(Data extract)

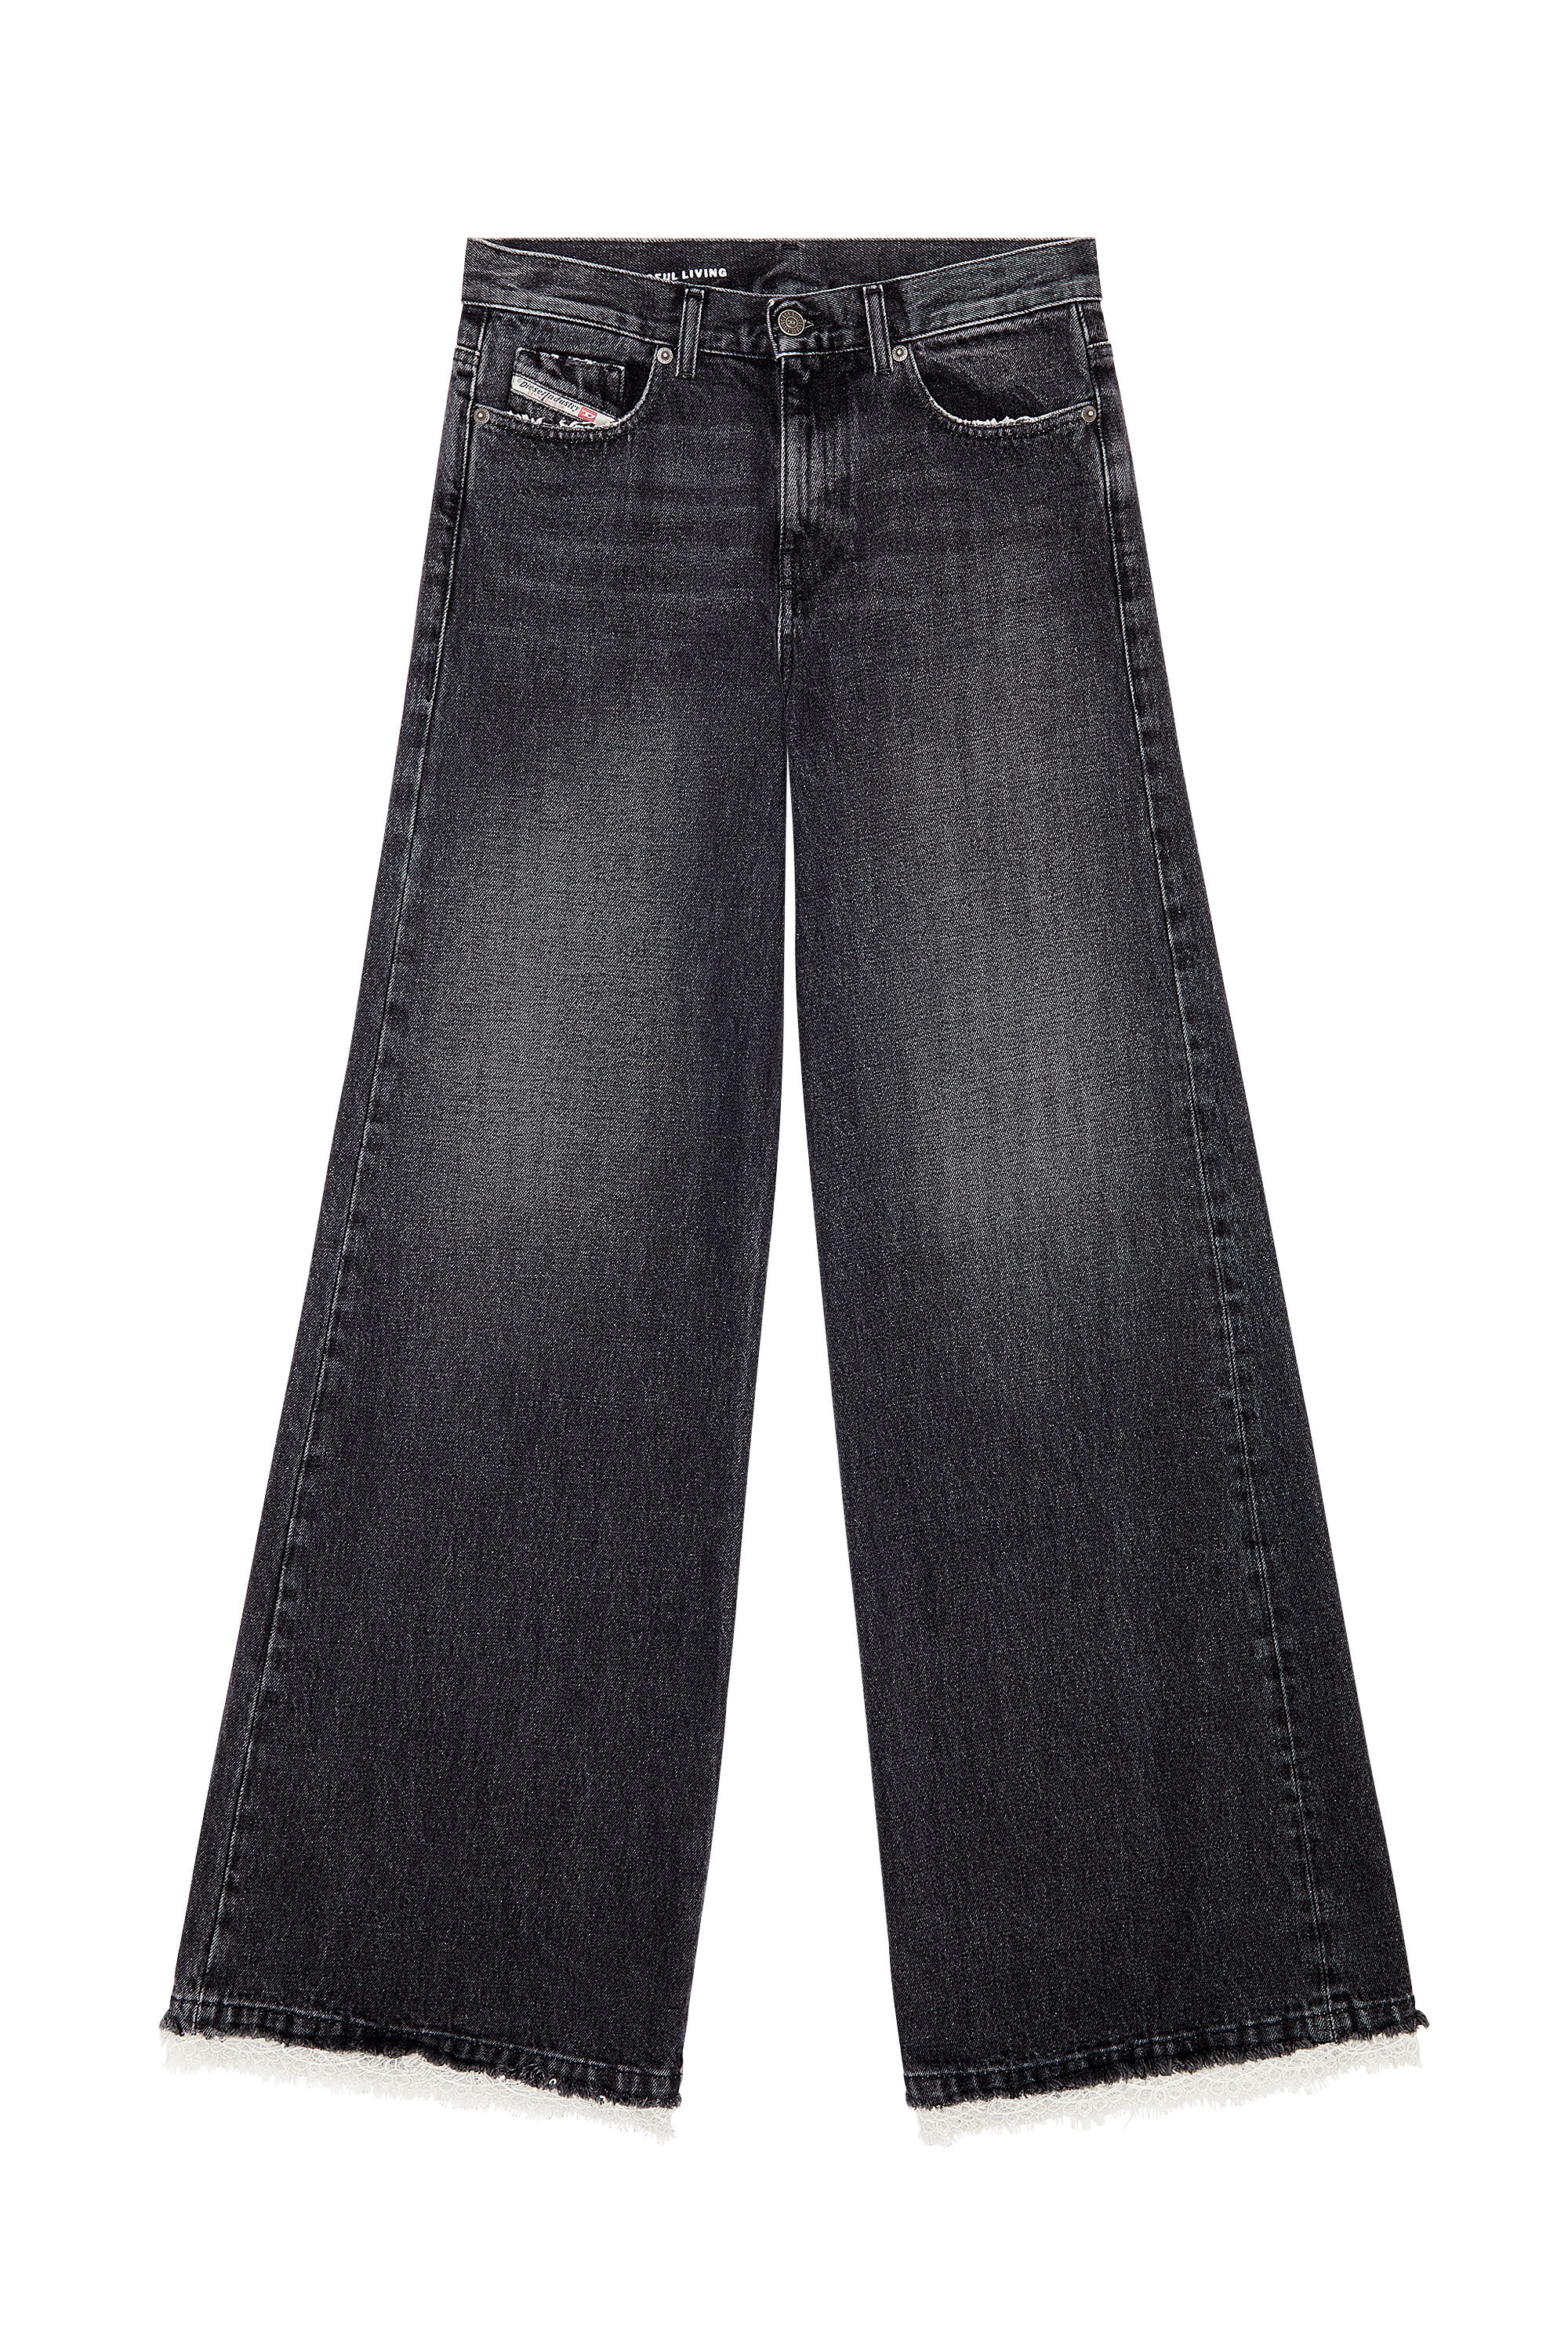 Women's Bootcut and Flare Jeans | Black/Dark grey | Diesel 1978 D-Akemi
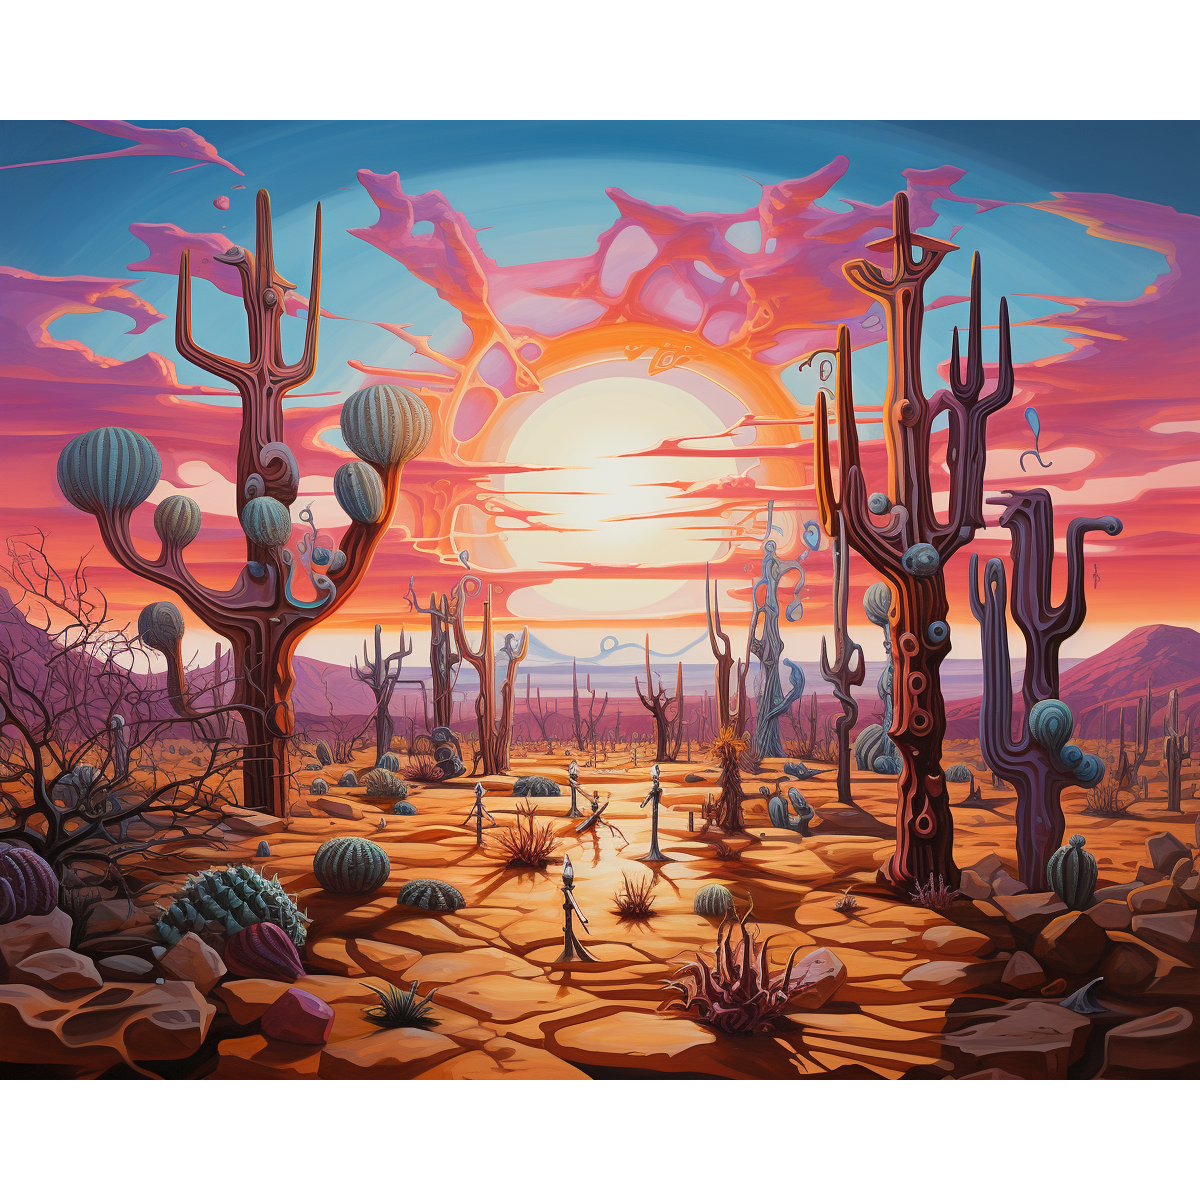 Trippiger Kaktus-Sonnenuntergang
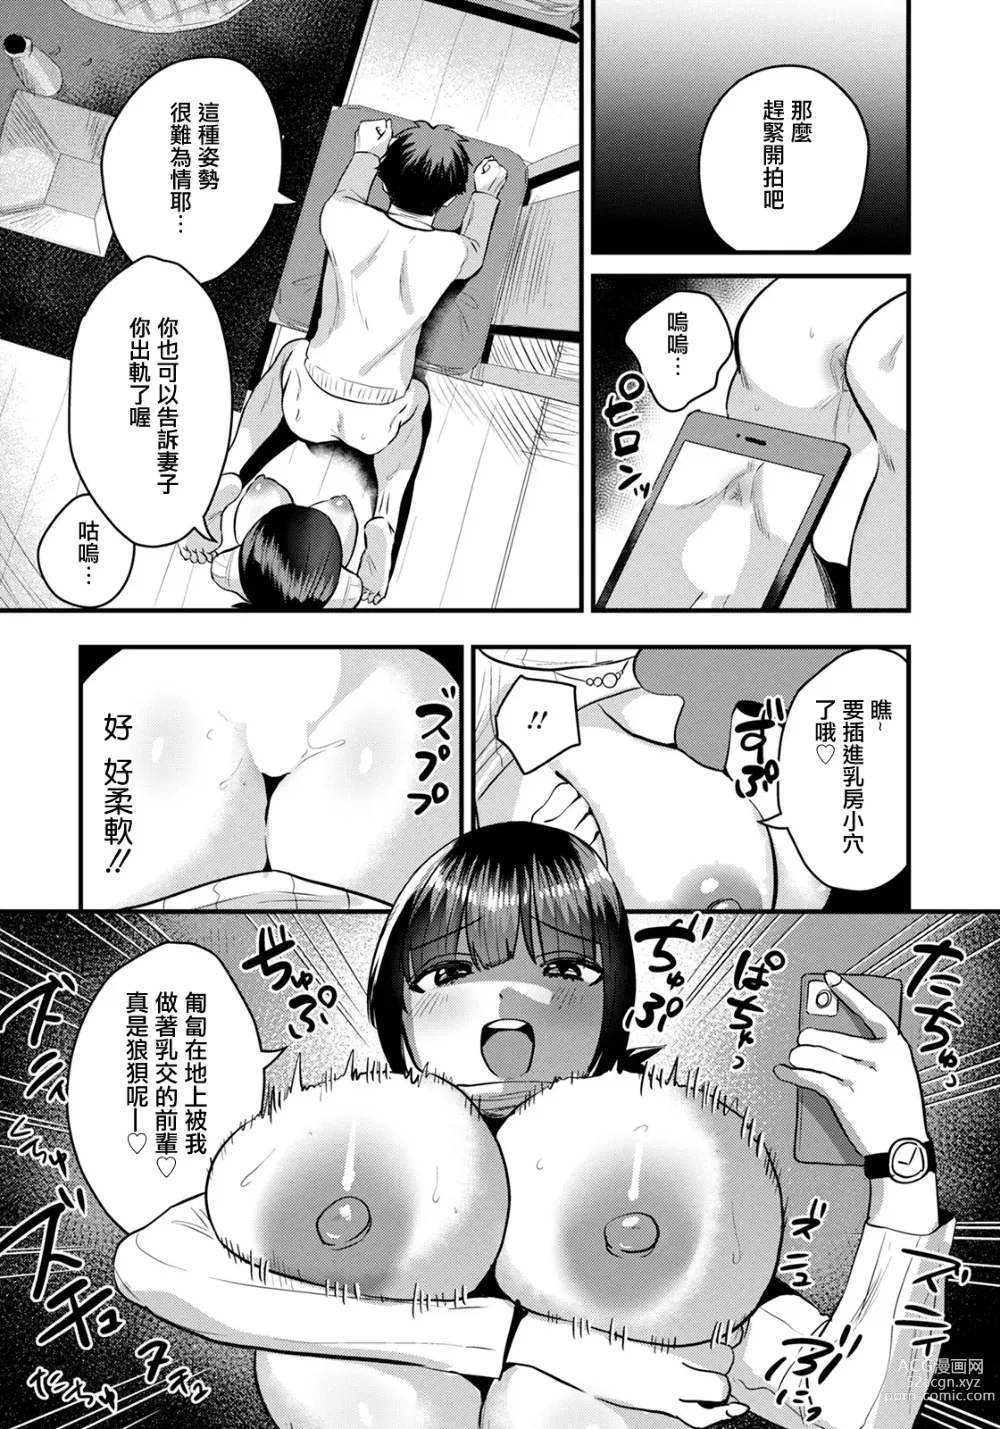 Page 6 of manga Hamedoru Kankei
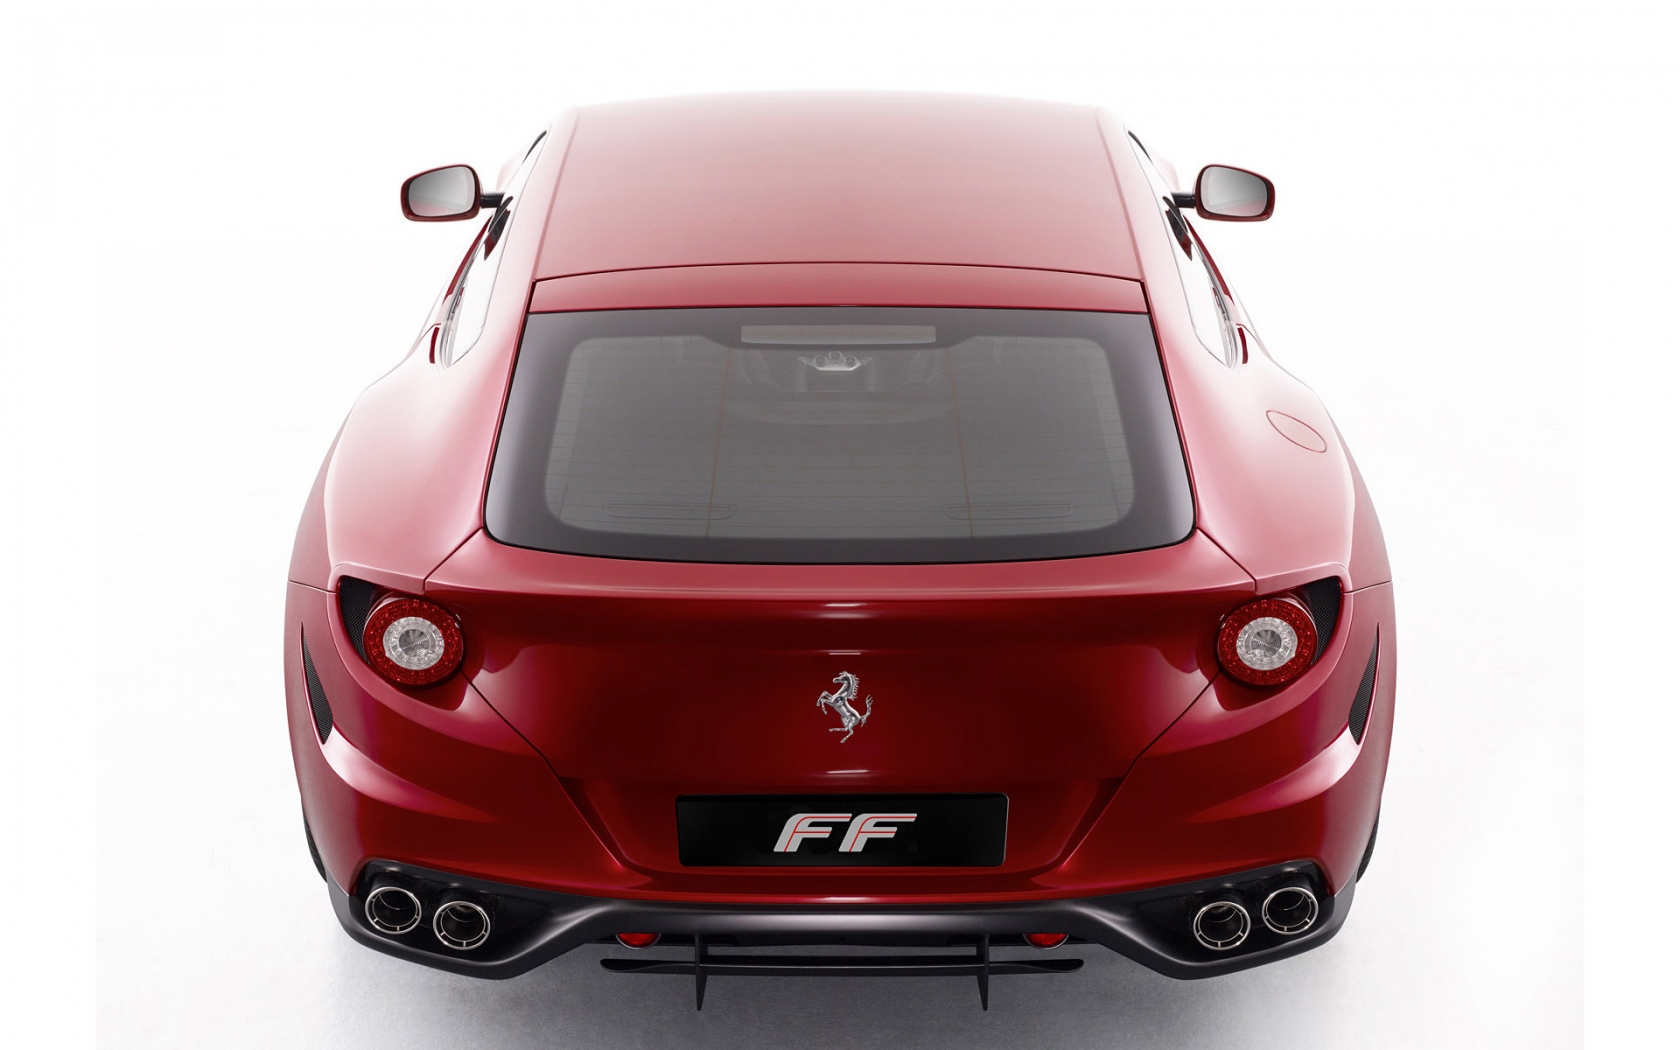 Ferrari FF Rear for 1680 x 1050 widescreen resolution

(End Data extract)

• Task goal
Would you set down, word for word, the lines running from the one that contains "Trippiger Kaktus-Sonnenuntergang" to the last line of the material, omitting all pictures?

• Response
 Trippiger Kaktus-Sonnenuntergang
 Page 6 of manga Hamedoru Kankei
 Ferrari FF Rear for 1680 x 1050 widescreen resolution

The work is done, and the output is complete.